Iowa State psychology professor Douglas Gentile to lead session at White House conference

Douglas Gentile

Douglas Gentile

AMES, Iowa -- Douglas Gentile, an associate professor of psychology at Iowa State University and world-renowned researcher on the effects of media on children, has been invited to lead one of the discussions at next week's White House conference on "Enhancing Well-being and Attentional Control through Games and Interactive Media: A Neuroscientific Approach."

Gentile's session, "Affective/Social behavior within video game-based interactions," will take place on Wednesday, Aug. 22, at 8:30 a.m. in the Eisenhower Executive Office Building, Indian Treaty Room at the White House. He will be presenting with Chade-Meng Tan, a best-selling author who was one of Google's earliest engineers, helping to build its first mobile search service. He now serves as Google's Jolly Good Fellow.
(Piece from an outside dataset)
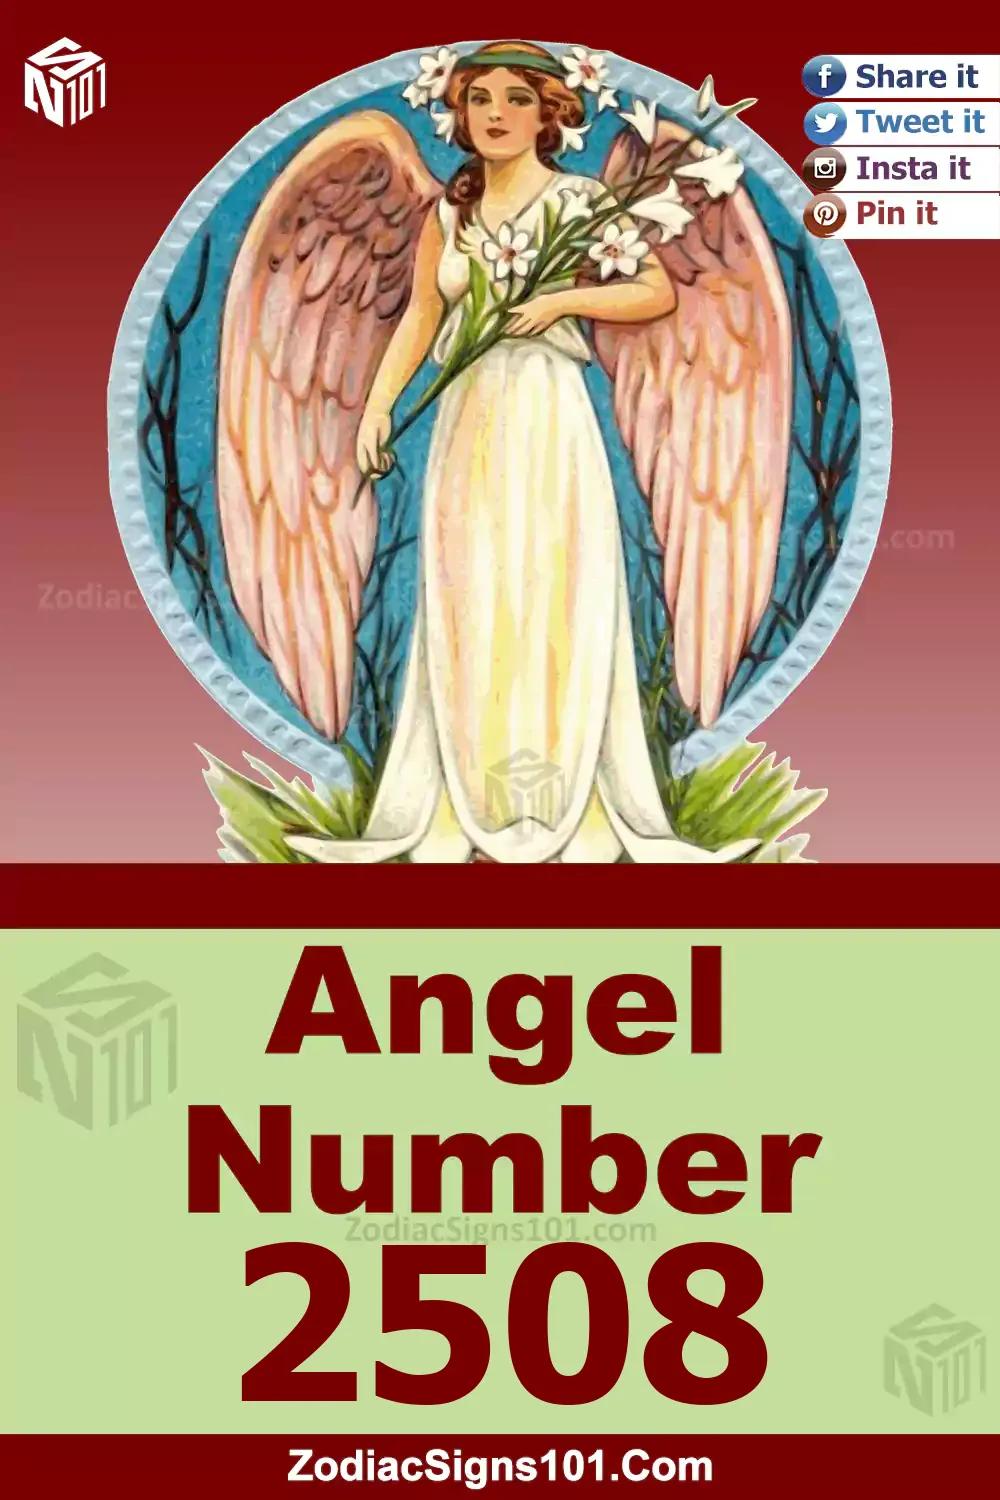 2508-Angel-Number-Meaning.jpg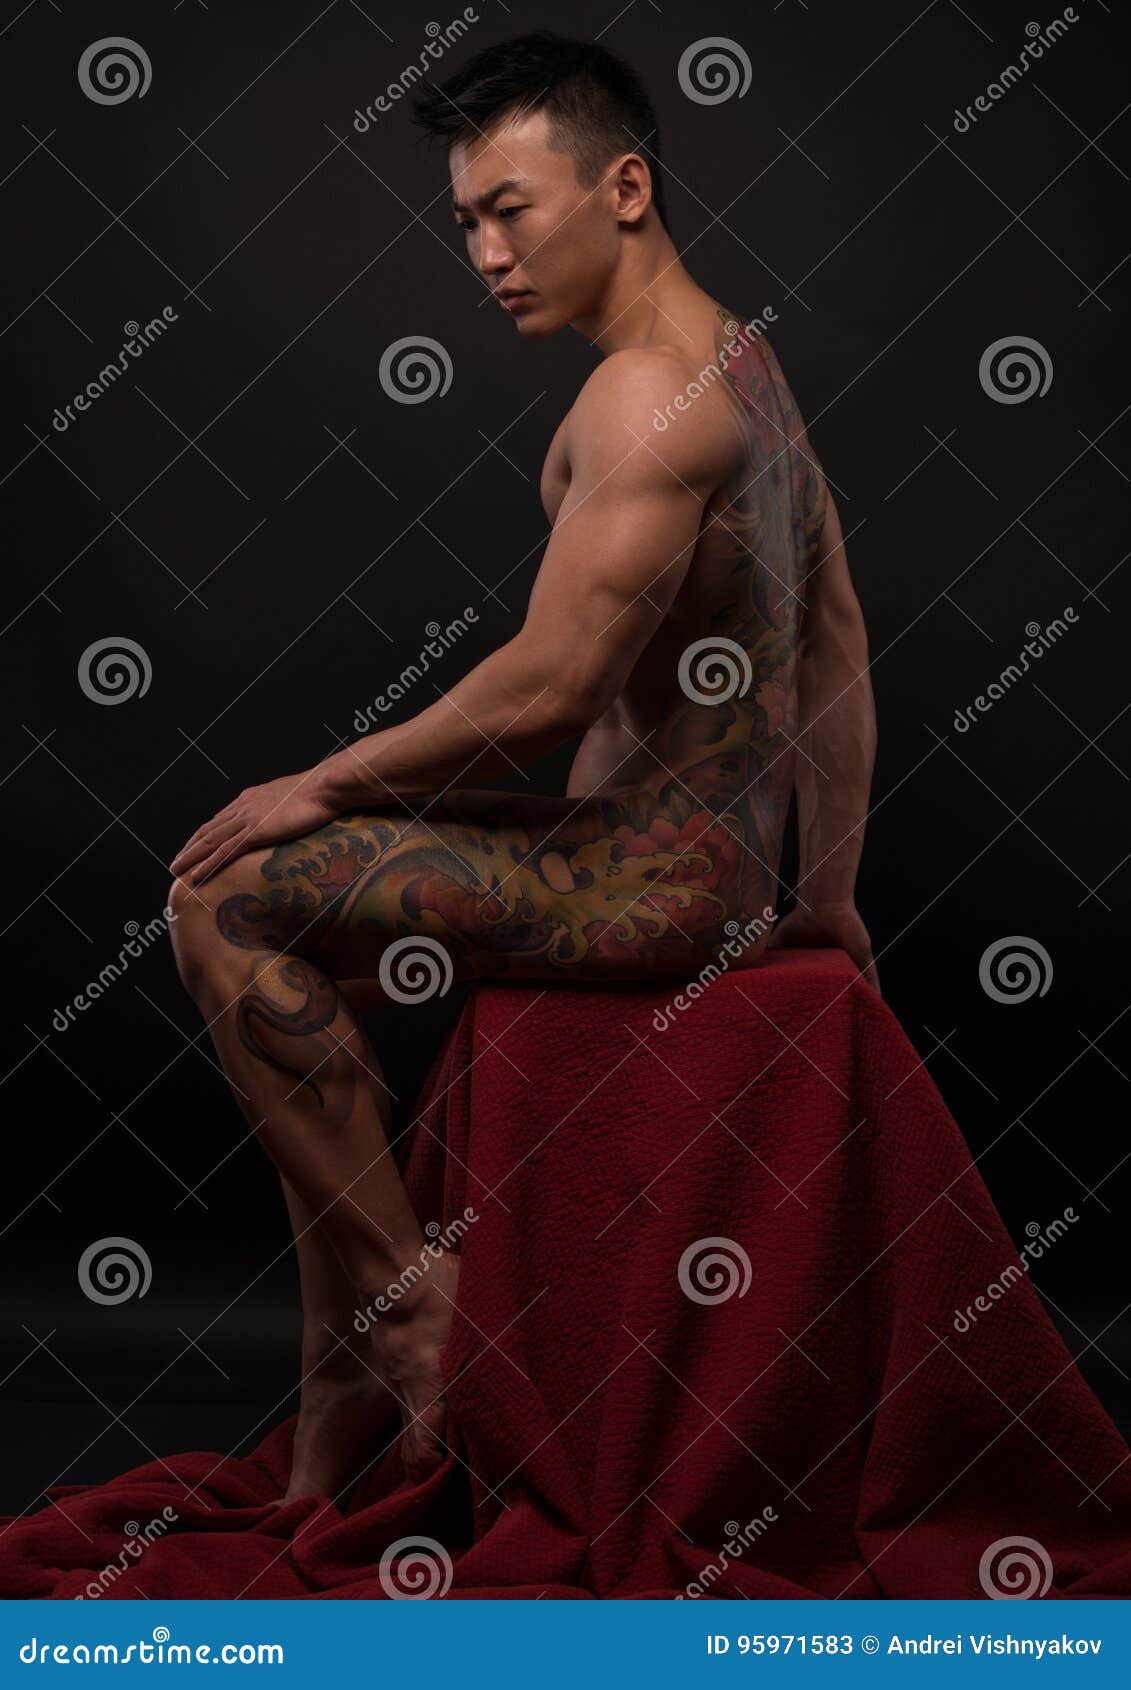 david fesperman share nude asian male model photos

"There is a striking difference between learning from video games and learning in traditional educational settings," said Gentile, who runs the Media Research Lab at Iowa State. "In education, the gold standard is transfer of knowledge from the learning environment to the real world. And yet most of the research on education shows that transfer very rarely happens in the classroom.

"When we look at the research on video games, especially the unintentional effects -- such as the effects of action games on visual perception skills, or violent games on aggression -- these show remarkable transfer to novel situations," he continued. "Games are natural teachers and since children spend so much time playing them, we have an opportunity to use them to enhance children's well-being, especially if the researchers and game industry can work together. This conference is an important step in that direction."

Presenters were invited to participate in the conference by Constance Steinkuehler Squire, a senior policy analyst at the White House Office of Science and Technology Policy, where she's shaping the Obama Administration's policies around games that improve health, education, civic engagement and the environment, among other areas.

Gentile was author of the landmark study finding that pathological patterns of video game addiction exist in youth (ages 8 to 18) and that nearly one in 10 of the gamers (8.5 percent) are pathological players. He led cross-cultural studies demonstrating that playing prosocial games can increase helpful and cooperative behaviors -- both in the short-term and long-term. He also was one of three Iowa State authors of a book titled "Violent Video Game Effects on Children and Adolescents" (Oxford University Press, 2007), which reported on three studies finding evidence of the adverse effects of violent video game exposure on the behavior of children and adolescents.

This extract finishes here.